A company called Pelican makes air-tight and waterproof containers for sensitive devices like hard drives, guns, cameras, etc. We use them to transfer data back and forth between our clients along with a 4-digit TSA approved combination lock to add more security. The case, depending on the size and where you buy it, will cost you anywhere from $30 to $70 and the locks are sold at $10/lock. A small price to pay considering the alternative…

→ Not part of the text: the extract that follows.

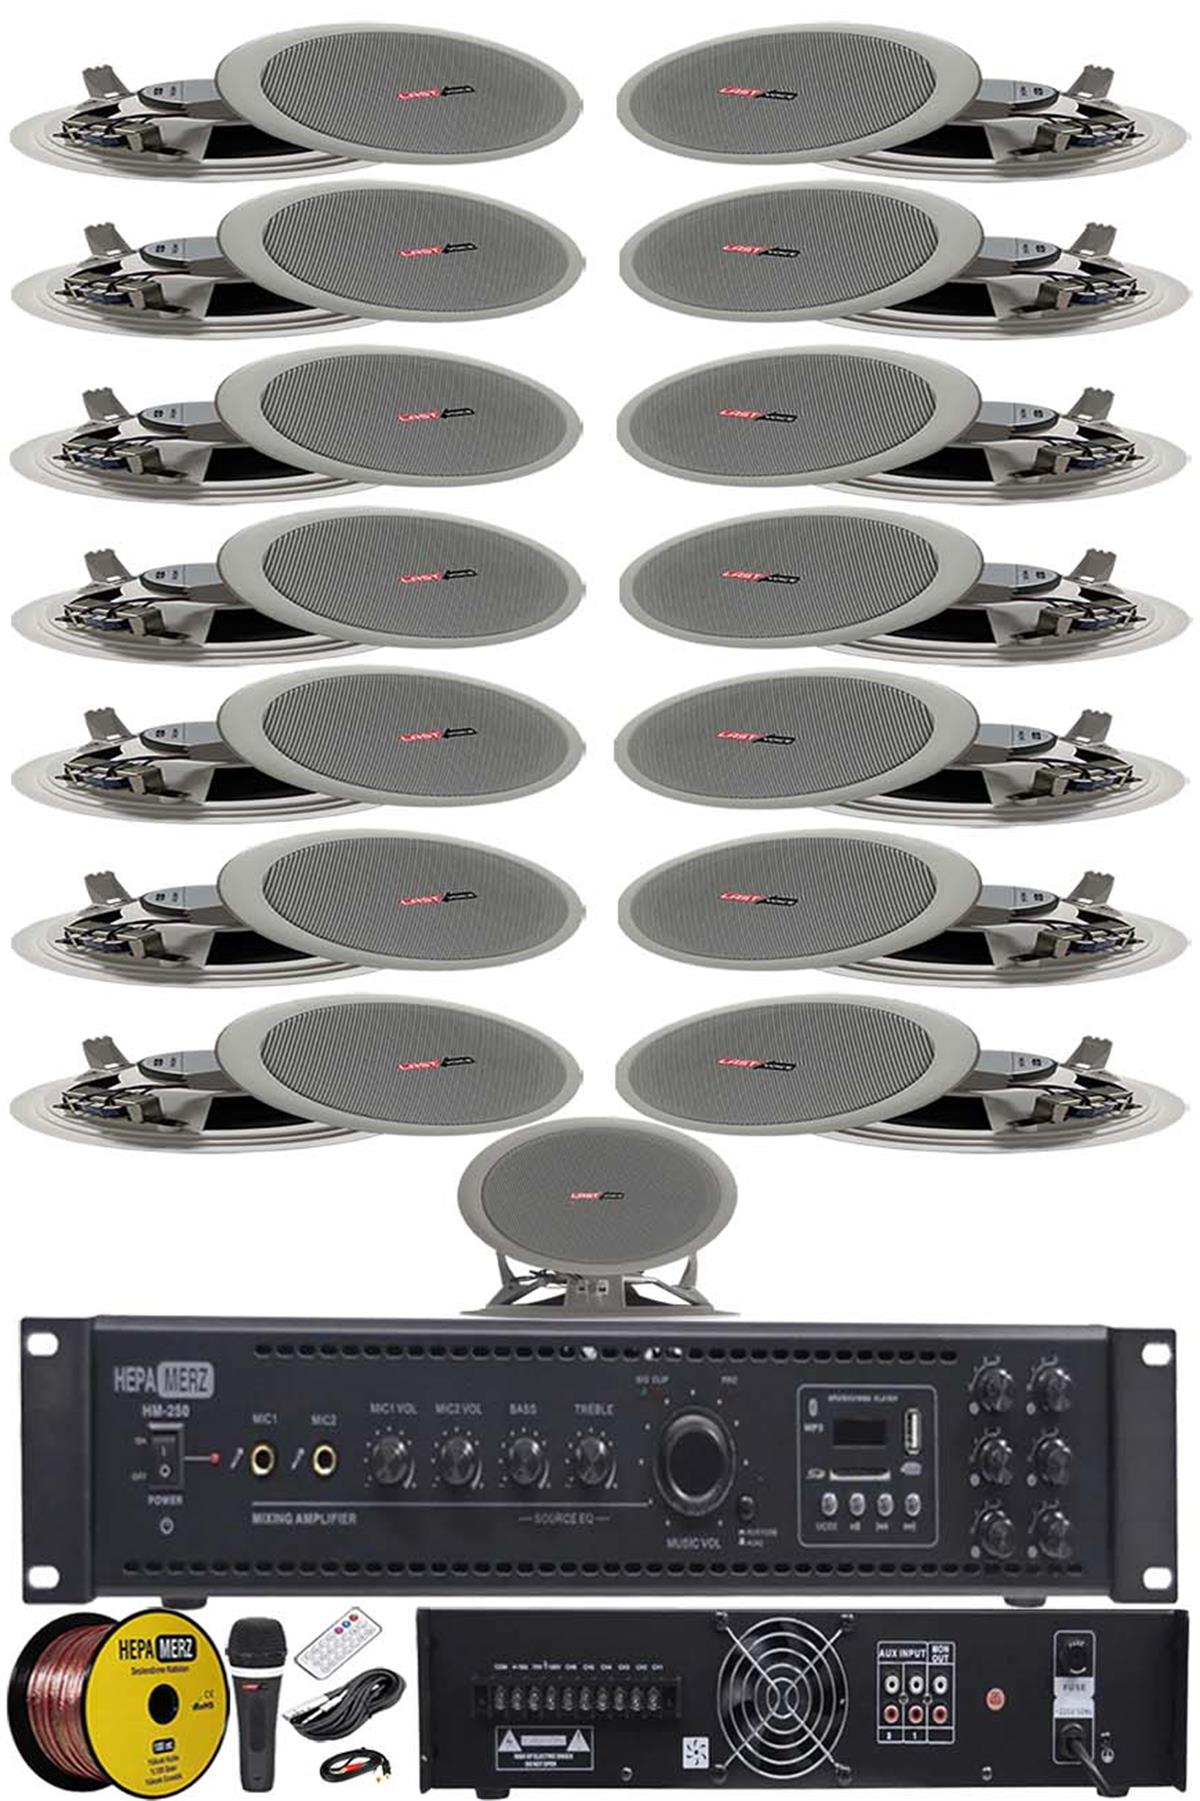 Lastvoice Maxx Paket-7 Tavan Hoparlörü ve 6 Bölgeli Anfi Ses Sistemi Paketi  (Full Set)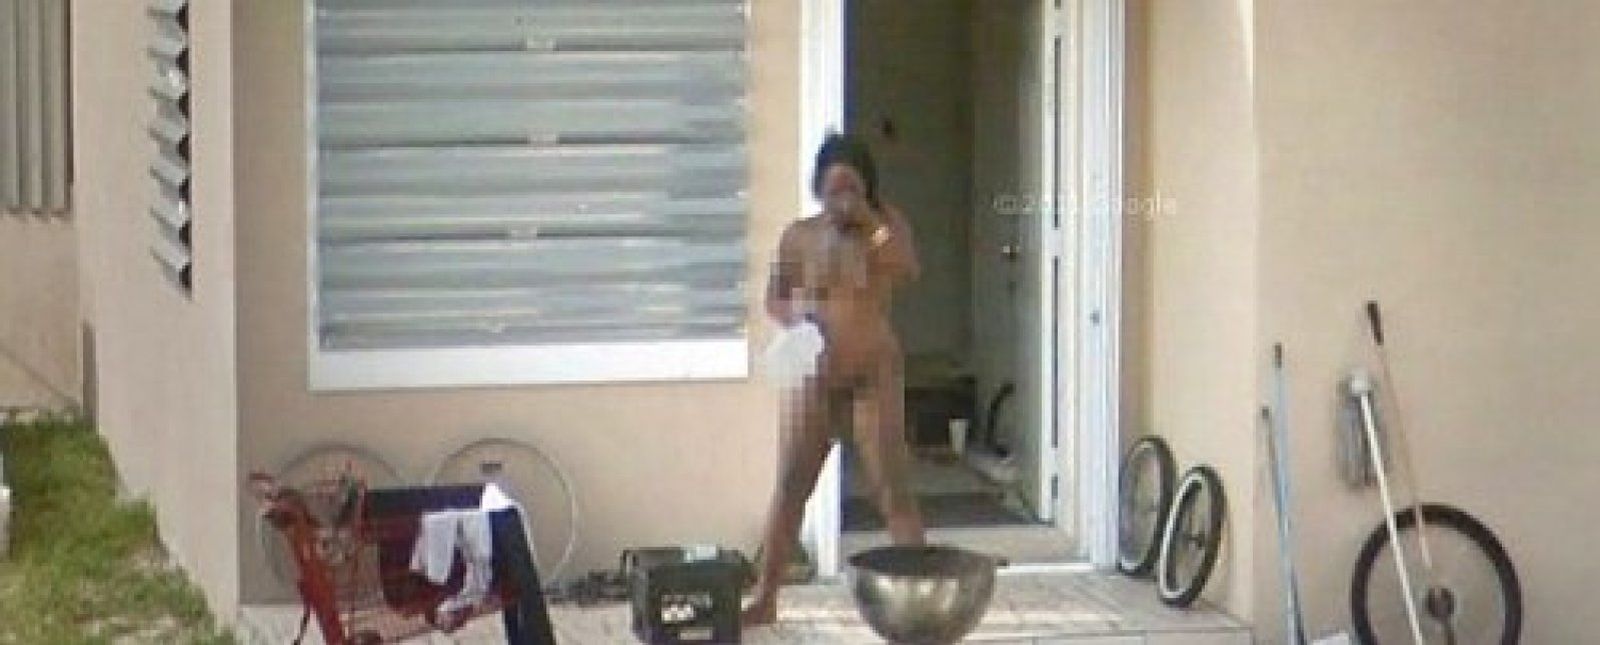 Google street view nudes

Posted by Andrew Wilson on August 10, 2007 | Permanent Link |

Tip: Speedy Hard Drive Transfer

Have you ever watched how long it takes to copy 100gb of email onto an external hard drive? I have and it is dreadfully slow even onto a 7,200RPM usb2.0 drive. Luckily there is a new type of connection hardware; eSATA. The advantages of eSATA over USB2.0 are clear, especially for people in the lit support industry who are constantly transferring huge amounts of data from hard drive to hard drive. An eSATA external hard drive can reach transfer speeds up to 3Gbits/second(~375megabytes/sec). That’s right, 375 MEGABYTES PER-SECOND! At that speed copying 1 gigabyte will take ~3seconds to complete. USB2.0, depending on your drive speed and various other interferences reaches speeds up to 480Mbits/second(~60megabytes/sec).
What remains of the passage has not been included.